Слушал он меня внимательно, даже несколько затаенно, поинтересовался, в какой мере надежны статистические выкладки о той прибыли, что дал эксперимент Горенкова, спросил, не было ли в деле анонимок, на основании каких улик его посадили, и в общем‑то концепцию мою одобрил.
|
– Только свободных дней я тебе больше не дам, – добавил он. – Вкалывай здесь, запарка, надо читать полосы.
Полосы так полосы; я работал в своем закутке после восьми, когда в редакции оставался только дежурный заместитель главного, отдел информации, секретариат и «свежая голова»; сладкое время для сочинительства, чашка кофе, тишина, ожидание завтрашнего шквала новостей, раньше такого никогда не было, газету лениво просматривали, теперь начали читать по‑настоящему, ощущение постоянной нарзанности, словно бы покрыт пупырышками, бегун перед стартом, одно слово – жизнь…

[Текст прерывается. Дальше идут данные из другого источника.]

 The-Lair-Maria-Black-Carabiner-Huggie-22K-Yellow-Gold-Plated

…Маркарян позвонил утром, когда я, прочитав нашу полосу, норовил вернуться к горенковскому делу; в это как раз время заскочил Кашляев – надо свести воедино наши с ним правки, – а старик Маркарян бубнил в трубку:
– Запиши фамилию: Русанов, Виктор Никитич… На него впрямую не выходи, но присмотрись через архитекторов и реставраторов…

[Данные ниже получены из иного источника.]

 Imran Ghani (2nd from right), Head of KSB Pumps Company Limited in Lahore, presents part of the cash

– Как, как?! – переспросил я – в трубке что‑то трещало. – Виктор Никитович, говоришь?
– Да. Только ты о нем особливо не распространяйся, ребята из «Времени» считают, что он завязан на строительную мафию – кому дать заказ на роспись здания, кого – по разным причинам – отвести.
…Кашляев дождался, пока я кончил говорить со стариком, – мою правку принял рассеянно, хотя было о чем спросить, но не стал, ушел к себе, а меня вскоре вызвали на пятый этаж. Вернувшись, я удивился: блокнота со всеми записями по делу Горенкова, Каримова, Кузинцова на столе не оказалось, хотя я вышел всего на двадцать минут. Я посмотрел в столе, портфеле, – блокнота не было.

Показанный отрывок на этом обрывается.